Ужин был обильный и вкусный, но Давид почему-то снова испытал беспокойство. Он ел прекрасно запеченные свиные ребрышки и пил хорошее белое вино, а сам время от времени наблюдал за разносящей угощение челядью и самим хозяином корчмы, который в угодливой позе стоял за спиной Боркена, сидевшего во главе стола – у всех них в глазах был страх.

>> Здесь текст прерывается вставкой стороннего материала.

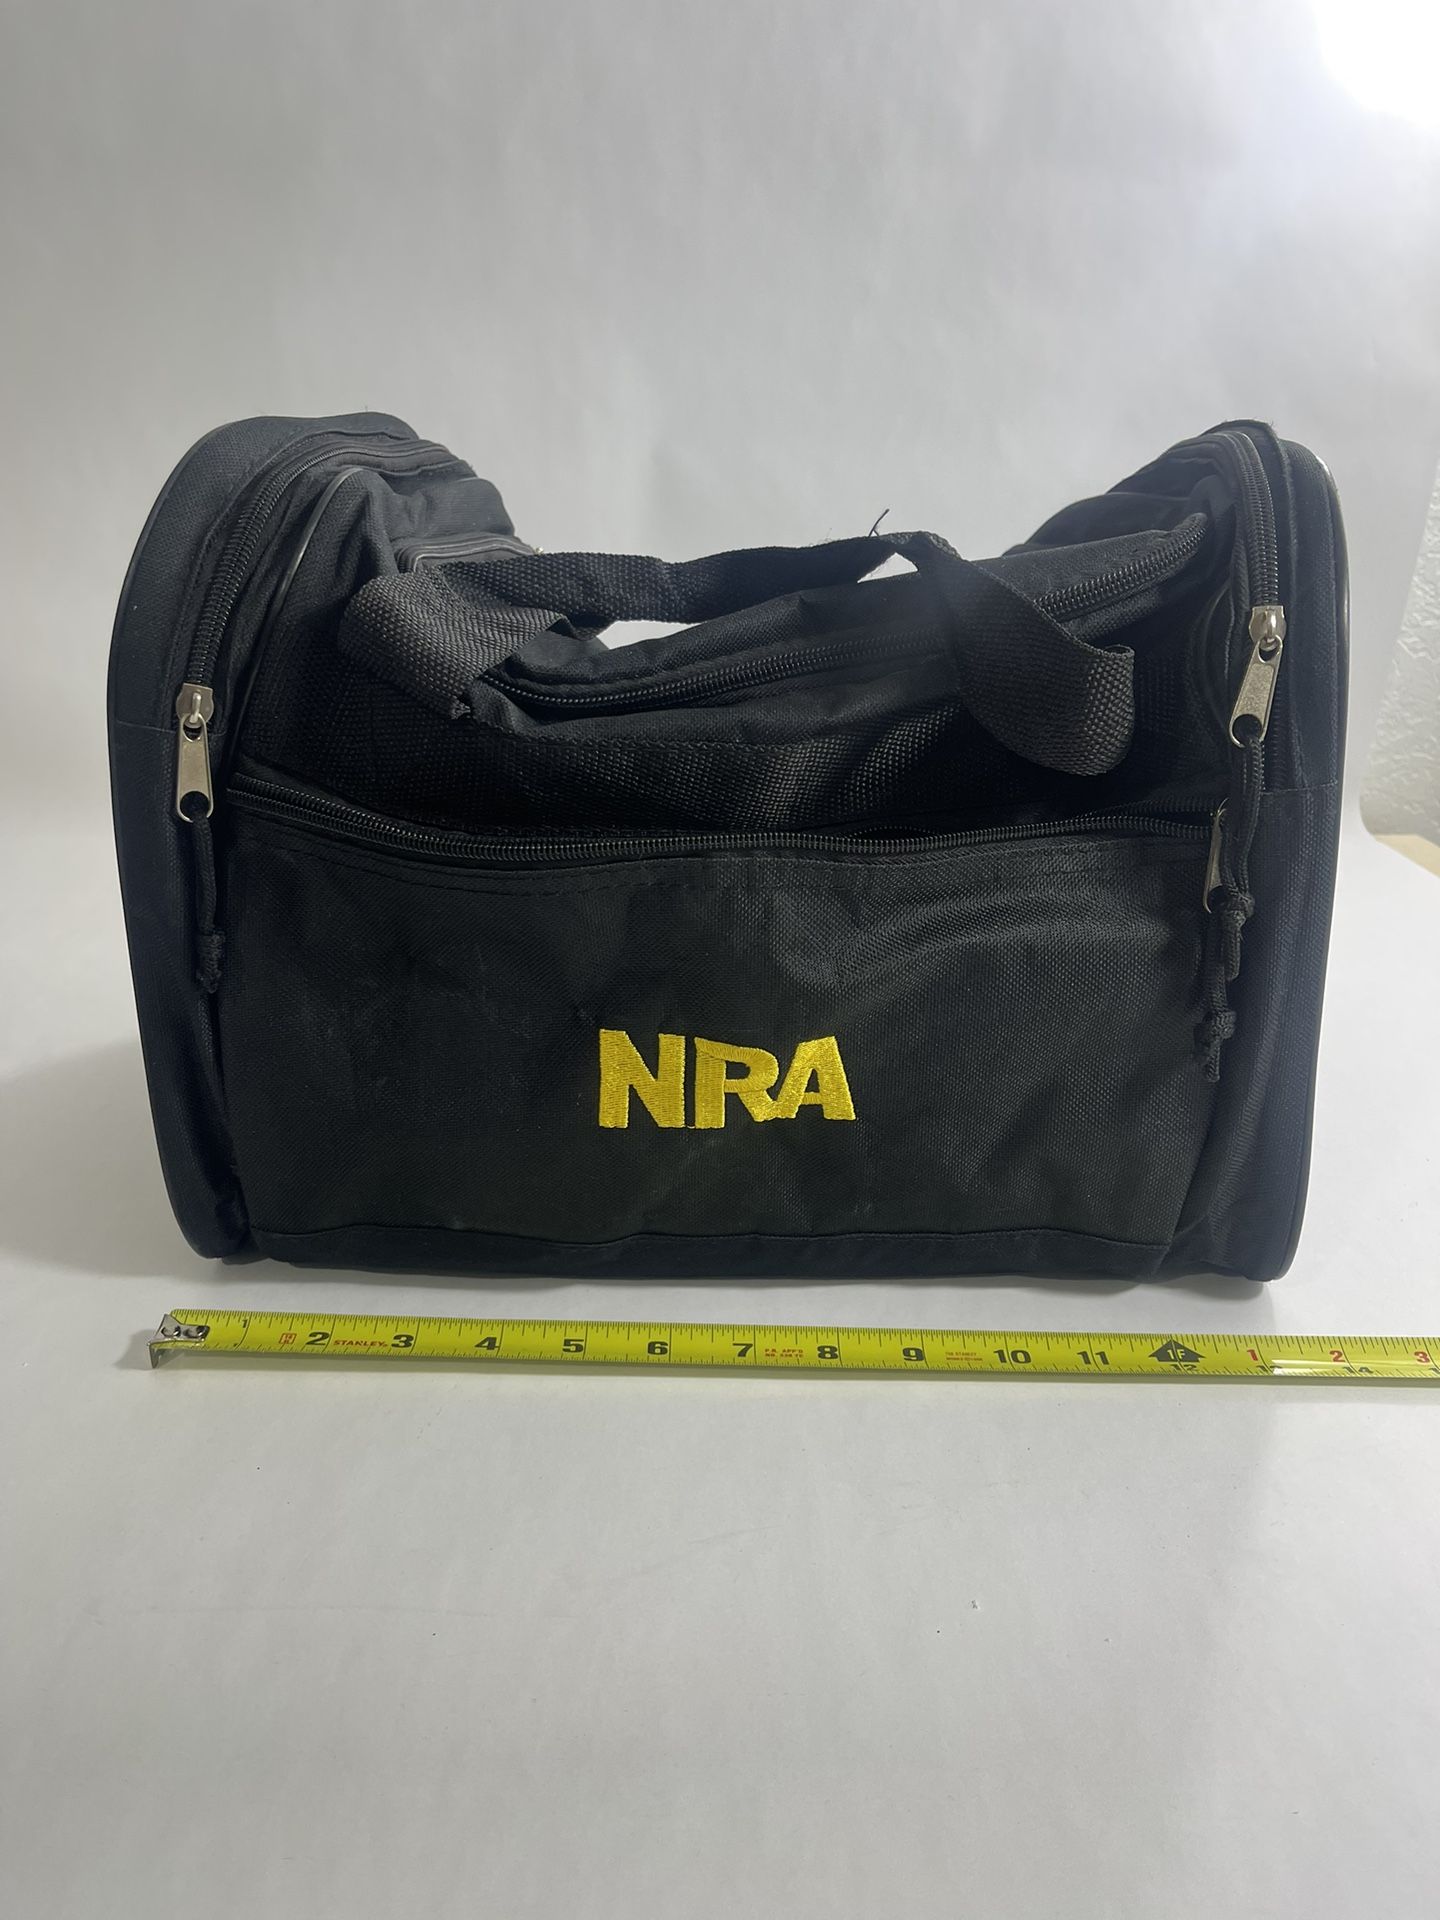 NRA Black  Duffle Bag 14” × 10” × 9” Overnight Travel Weekend Duffel

Святой Николос, чего они все боятся? А еще Давид заметил, с каким пренебрежением относятся воины Боркена к слугам, как прикрикивают на них, погоняют – те же все выносят с терпеливым смирением, не смея даже поднять глаз.
– Странно тут относятся к простолюдинам, – пробормотал он вполголоса, но сидевший рядом Ворш его услышал.
– У нас на Руси даже урманы заезжие себя так не ведут, – заметил он. – Видно, в этой стране человеческая жизнь ни во что не ставится.
Ужин закончился, воины Боркена потянулись по комнатам отдыхать. Давид обратил внимание, что хозяин корчмы так и не дождался платы за мясо и вино и стоял у пылающего очага с растерянным и сокрушенным видом, обозревая столы, залитые вином и заваленные объедками.
– Эй! – позвал Давид негромко, пошарил у себя в кошеле. – Иди сюда!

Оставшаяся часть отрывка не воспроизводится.